| Exercise aim |
Retype all of the entries precisely.

(Source data begins)

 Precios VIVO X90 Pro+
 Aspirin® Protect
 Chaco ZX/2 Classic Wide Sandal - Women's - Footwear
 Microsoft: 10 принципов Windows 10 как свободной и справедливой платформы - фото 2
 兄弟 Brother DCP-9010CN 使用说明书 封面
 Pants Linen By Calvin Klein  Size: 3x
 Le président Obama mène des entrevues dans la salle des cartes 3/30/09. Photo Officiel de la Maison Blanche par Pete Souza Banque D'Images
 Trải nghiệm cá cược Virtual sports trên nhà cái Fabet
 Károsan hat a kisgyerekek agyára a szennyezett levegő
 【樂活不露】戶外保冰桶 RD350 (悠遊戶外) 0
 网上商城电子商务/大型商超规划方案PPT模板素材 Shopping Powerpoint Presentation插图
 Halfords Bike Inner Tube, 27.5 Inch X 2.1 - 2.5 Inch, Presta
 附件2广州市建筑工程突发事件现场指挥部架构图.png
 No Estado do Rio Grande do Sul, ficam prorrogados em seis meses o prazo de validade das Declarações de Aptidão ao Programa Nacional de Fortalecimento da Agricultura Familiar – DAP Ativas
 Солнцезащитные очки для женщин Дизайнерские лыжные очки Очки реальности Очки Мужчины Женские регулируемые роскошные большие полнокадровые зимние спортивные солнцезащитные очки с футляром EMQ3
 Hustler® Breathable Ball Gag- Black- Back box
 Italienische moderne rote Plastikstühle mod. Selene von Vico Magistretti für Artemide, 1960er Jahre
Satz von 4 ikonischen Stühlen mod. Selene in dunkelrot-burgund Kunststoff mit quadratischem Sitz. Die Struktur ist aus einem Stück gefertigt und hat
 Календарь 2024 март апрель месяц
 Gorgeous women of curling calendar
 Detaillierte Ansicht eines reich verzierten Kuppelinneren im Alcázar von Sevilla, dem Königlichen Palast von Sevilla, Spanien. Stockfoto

(Source data ends)

| Response |
 Precios VIVO X90 Pro+
 Aspirin® Protect
 Chaco ZX/2 Classic Wide Sandal - Women's - Footwear
 Microsoft: 10 принципов Windows 10 как свободной и справедливой платформы - фото 2
 兄弟 Brother DCP-9010CN 使用说明书 封面
 Pants Linen By Calvin Klein  Size: 3x
 Le président Obama mène des entrevues dans la salle des cartes 3/30/09. Photo Officiel de la Maison Blanche par Pete Souza Banque D'Images
 Trải nghiệm cá cược Virtual sports trên nhà cái Fabet
 Károsan hat a kisgyerekek agyára a szennyezett levegő
 【樂活不露】戶外保冰桶 RD350 (悠遊戶外) 0
 网上商城电子商务/大型商超规划方案PPT模板素材 Shopping Powerpoint Presentation插图
 Halfords Bike Inner Tube, 27.5 Inch X 2.1 - 2.5 Inch, Presta
 附件2广州市建筑工程突发事件现场指挥部架构图.png
 No Estado do Rio Grande do Sul, ficam prorrogados em seis meses o prazo de validade das Declarações de Aptidão ao Programa Nacional de Fortalecimento da Agricultura Familiar – DAP Ativas
 Солнцезащитные очки для женщин Дизайнерские лыжные очки Очки реальности Очки Мужчины Женские регулируемые роскошные большие полнокадровые зимние спортивные солнцезащитные очки с футляром EMQ3
 Hustler® Breathable Ball Gag- Black- Back box
 Italienische moderne rote Plastikstühle mod. Selene von Vico Magistretti für Artemide, 1960er Jahre
Satz von 4 ikonischen Stühlen mod. Selene in dunkelrot-burgund Kunststoff mit quadratischem Sitz. Die Struktur ist aus einem Stück gefertigt und hat
 Календарь 2024 март апрель месяц
 Gorgeous women of curling calendar
 Detaillierte Ansicht eines reich verzierten Kuppelinneren im Alcázar von Sevilla, dem Königlichen Palast von Sevilla, Spanien. Stockfoto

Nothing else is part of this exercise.